Forcing myself to write today. Having one of those dips in productivity that come with a dip in confidence. Wish I had some elaborate psychological explanation for it but it’s all pretty mundane. The blogging isn’t going great. Terrible numbers, even for work like my Farage piece which I thought was pretty strong. Very little income (though thank you to the couple of people who have contributed because you’ve liked my work). And then there’s been a bit of exhaustion due to trouble sleeping. I have a dodgy muscle in my back that always gets triggered if I sit a certain way on the edge of my chair. I try to stop myself sitting like that but it’s easier to say than it is to do. I found myself sitting like that on Sunday and, sure enough, back pain Sunday night and all of Monday. Always worse when I Iie down. Anyway, about 2am this morning, I finally relented and hit it with a couple of Ibuprofen which always does the trick but they also knock me out.

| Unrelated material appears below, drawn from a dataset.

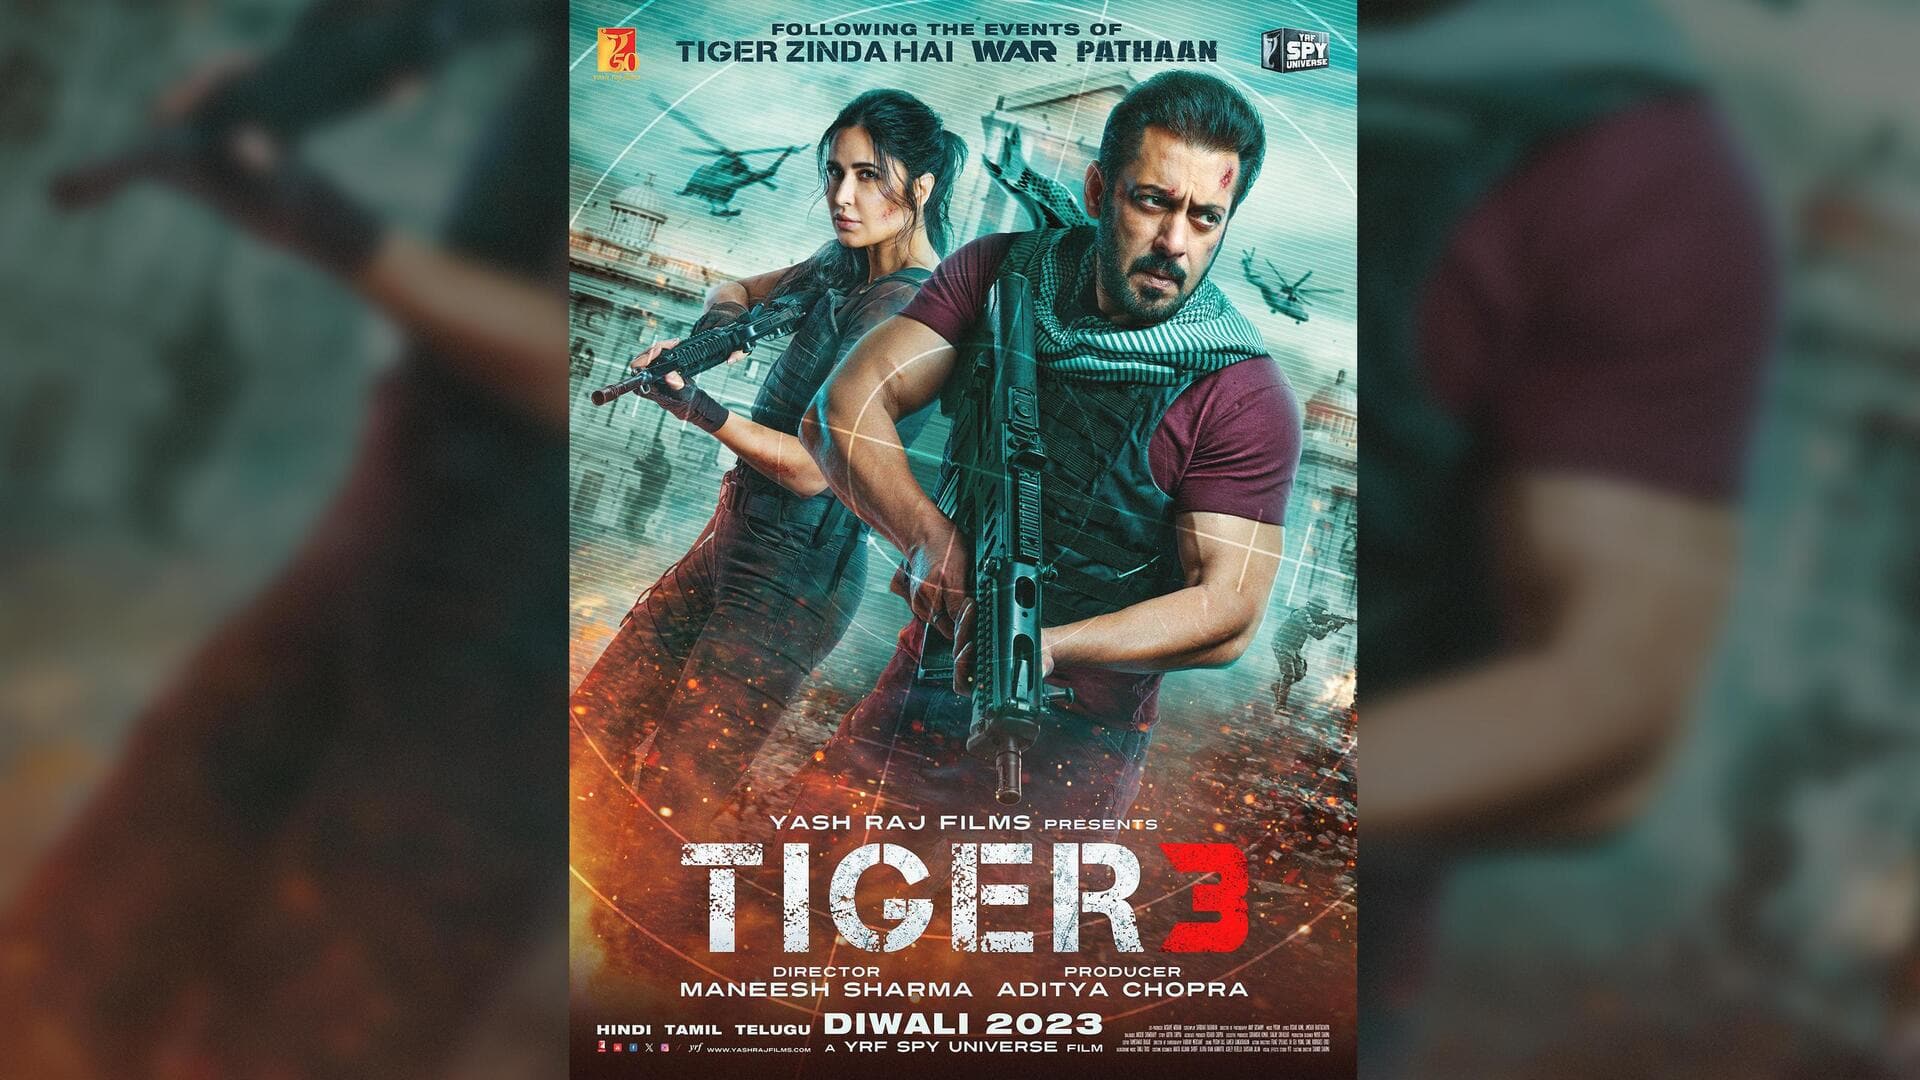 Prabhudheva to helm Salman Khan's next 'Tiger' film?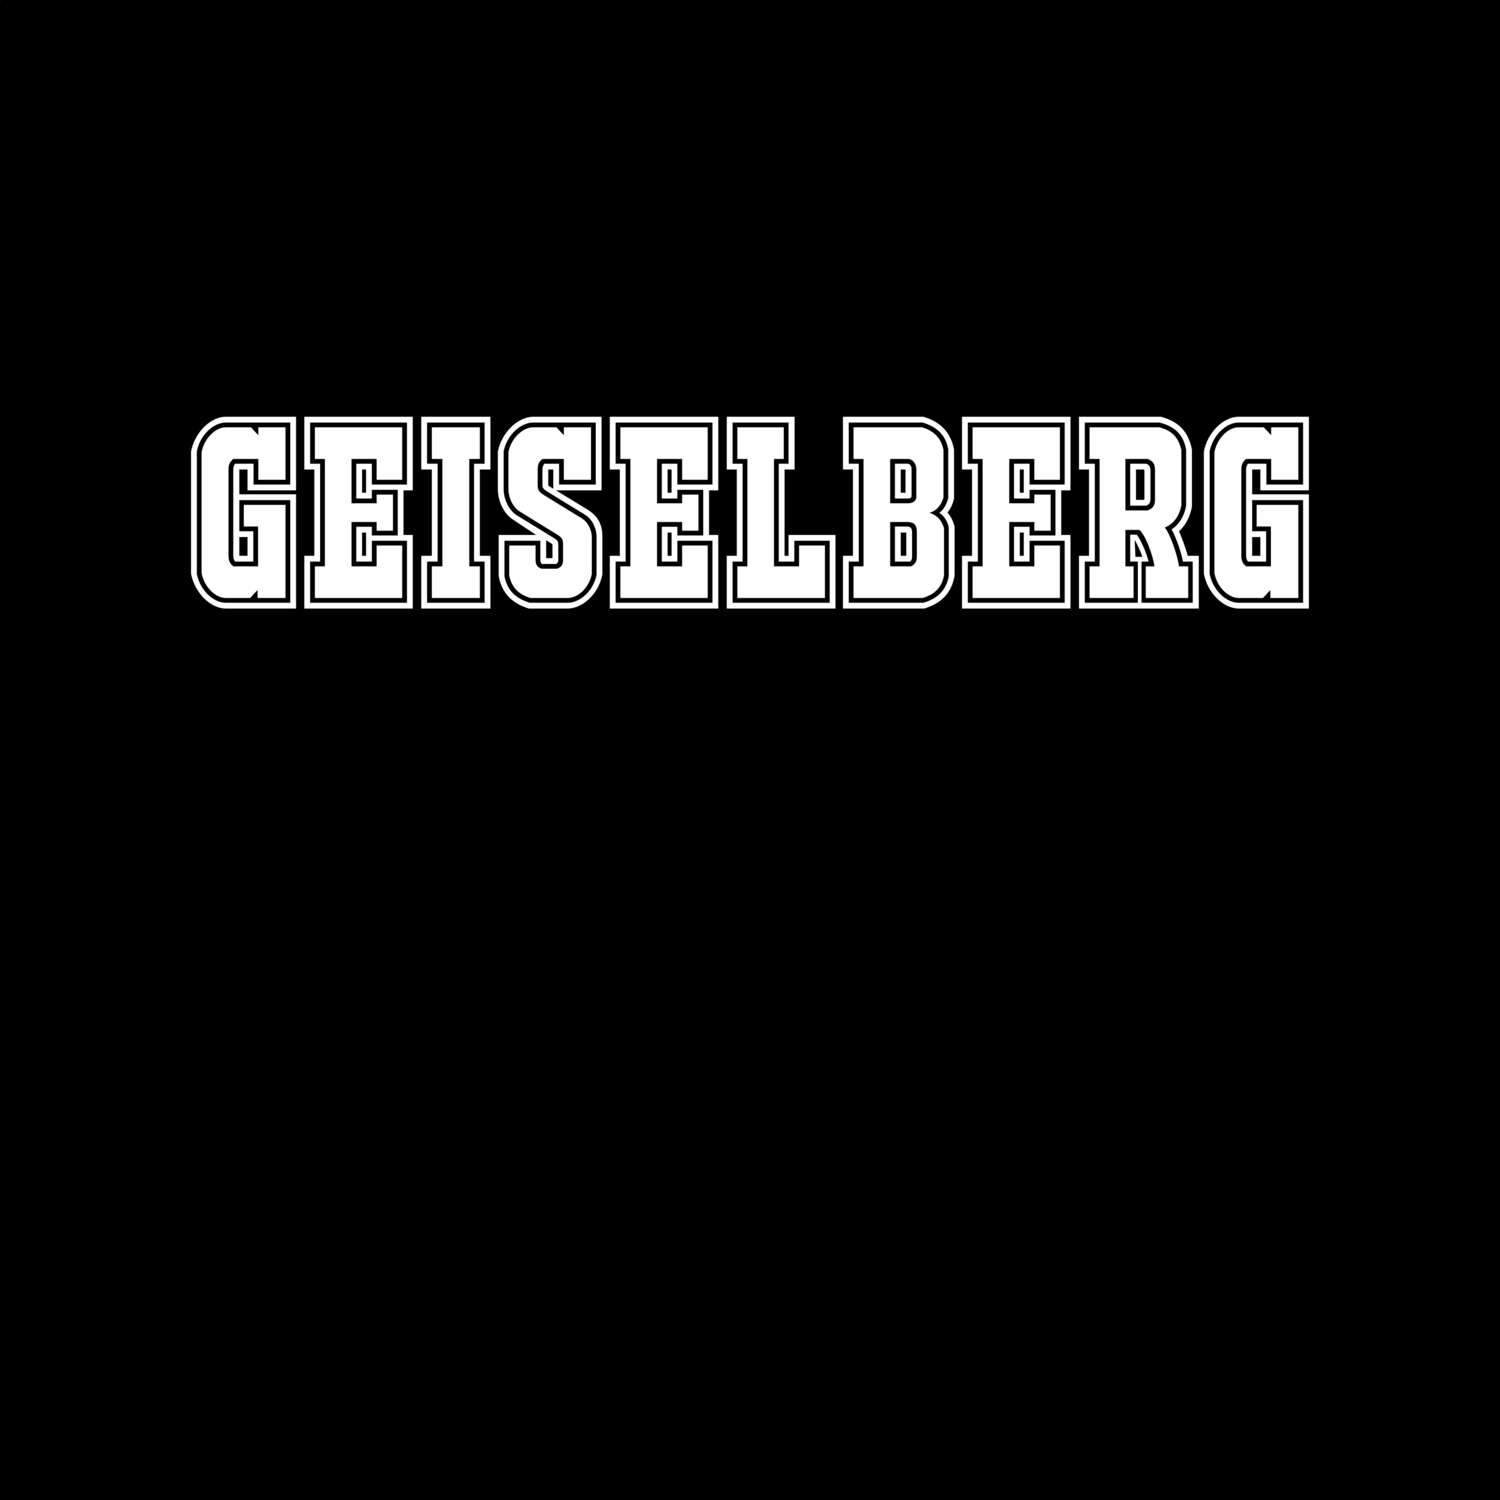 Geiselberg T-Shirt »Classic«

I had a very solid sleep though but woke myself up because I blowing a spray diffuser in my sleep. I’d been having a Ralph Steadman dream in which I was contributing to some art project, except I wasn’t actually me but a certain Twitter-obsessed novelist I follow. I woke myself up with my blowing. Actual physical blowing. Very weird. Slightly disturbing.
Anyway, today I’ve no idea what I’ll do. Yesterday I drew some cartoons which I intend to send off to the usual place which will undoubtedly reject them. They’ll end up here, I guess. Might draw more.